■ Work item ■
Only one stretch of the material below is wanted: everything from the line containing "днес е нов ден, добро" down to the line containing "Дмитрий Ломов Мармеладки", both ends included. Repeat it exactly and skip the pictures.

■ Records for this task ■
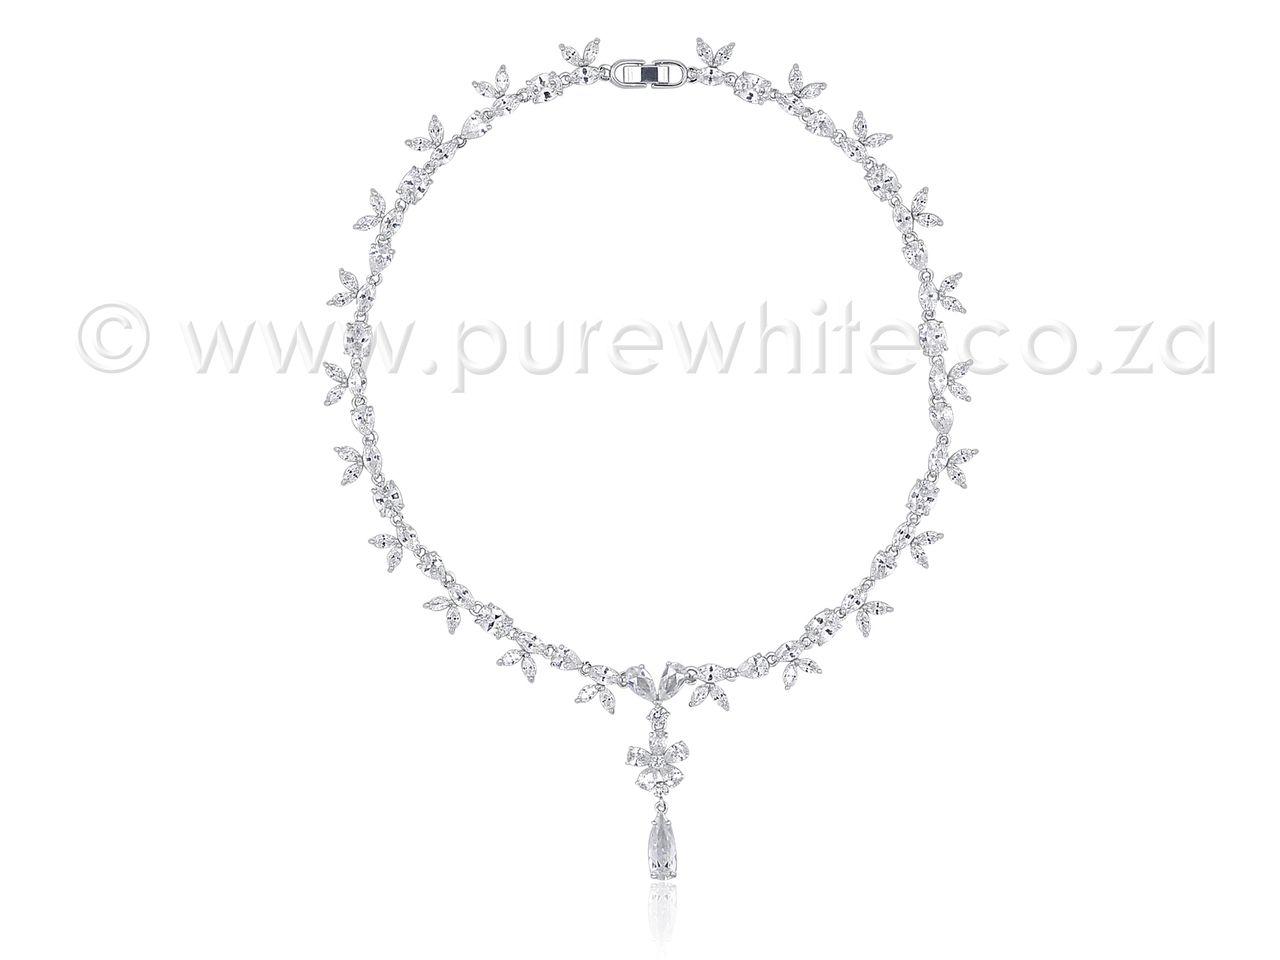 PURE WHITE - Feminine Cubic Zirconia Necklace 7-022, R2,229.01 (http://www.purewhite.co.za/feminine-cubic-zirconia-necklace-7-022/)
* * *
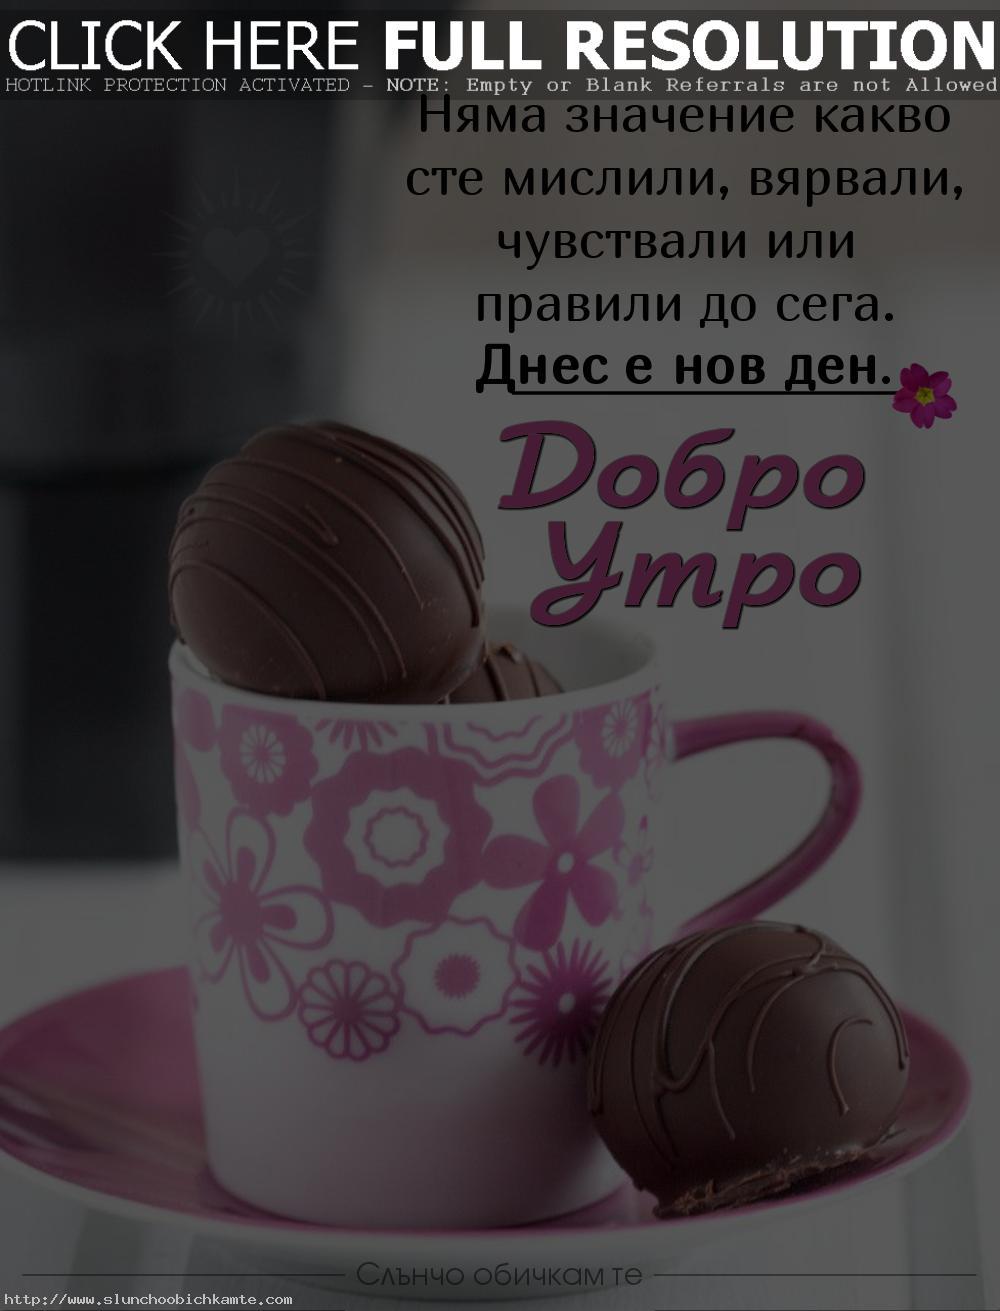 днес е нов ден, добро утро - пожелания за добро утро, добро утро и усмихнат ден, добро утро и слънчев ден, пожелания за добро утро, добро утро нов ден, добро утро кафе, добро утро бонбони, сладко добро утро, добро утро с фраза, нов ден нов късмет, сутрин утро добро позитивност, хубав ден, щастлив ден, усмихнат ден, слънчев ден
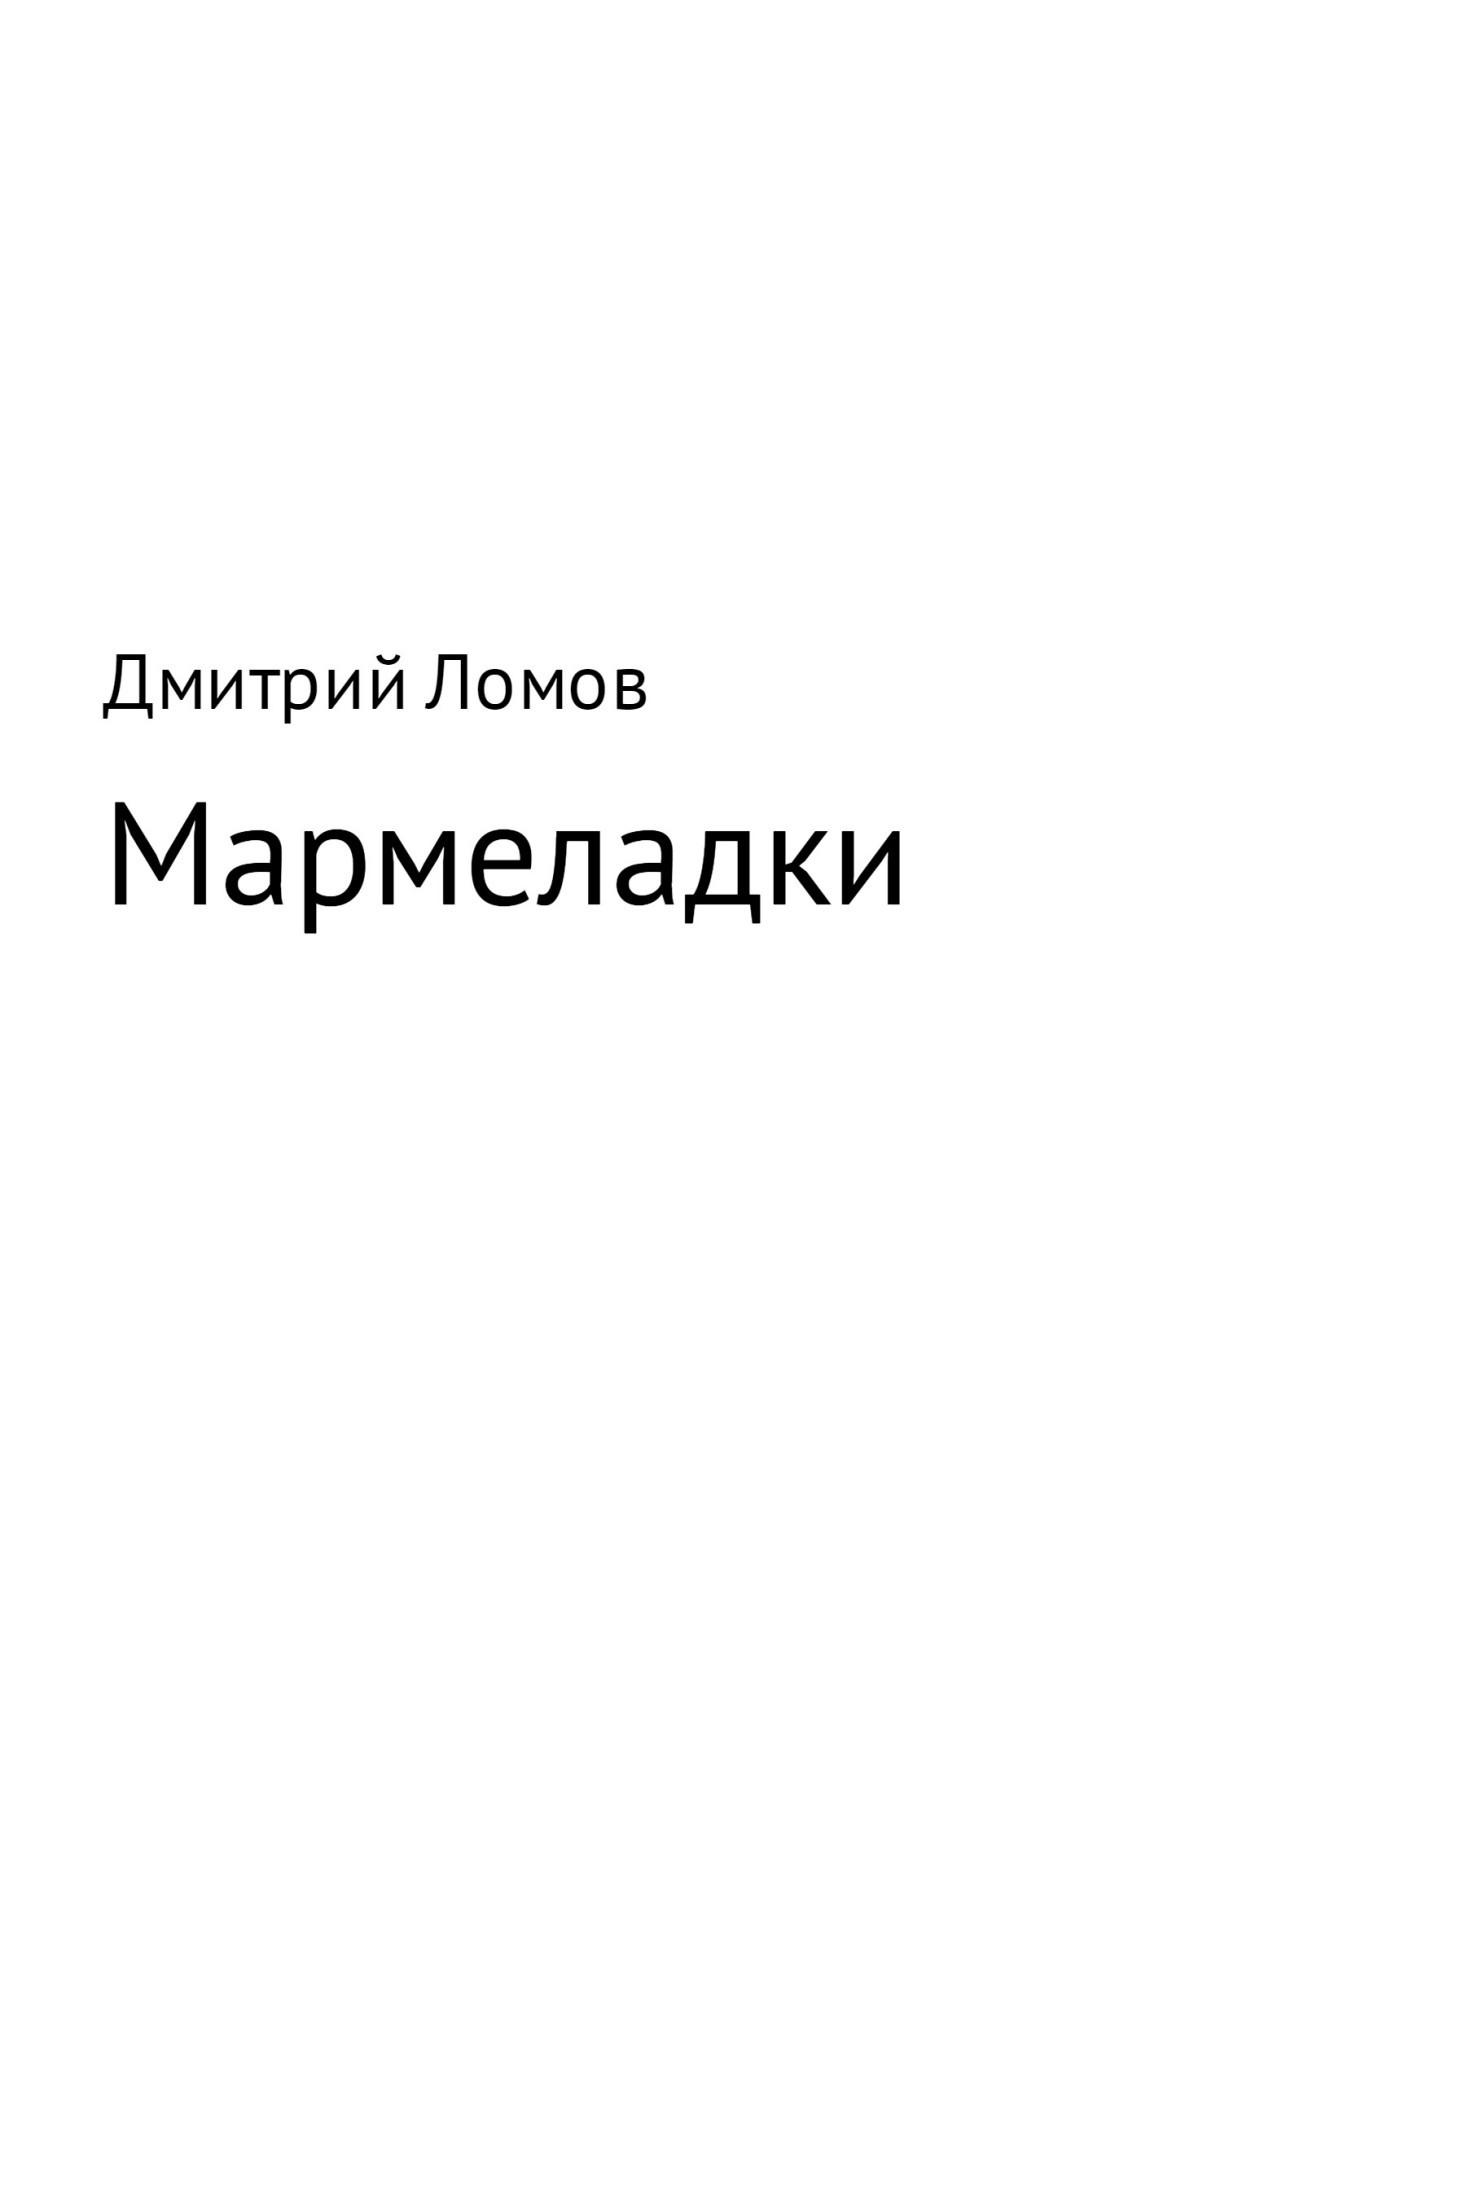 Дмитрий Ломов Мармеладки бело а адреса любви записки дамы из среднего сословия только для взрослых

■ Answer space ■
 днес е нов ден, добро утро - пожелания за добро утро, добро утро и усмихнат ден, добро утро и слънчев ден, пожелания за добро утро, добро утро нов ден, добро утро кафе, добро утро бонбони, сладко добро утро, добро утро с фраза, нов ден нов късмет, сутрин утро добро позитивност, хубав ден, щастлив ден, усмихнат ден, слънчев ден
 Дмитрий Ломов Мармеладки бело а адреса любви записки дамы из среднего сословия только для взрослых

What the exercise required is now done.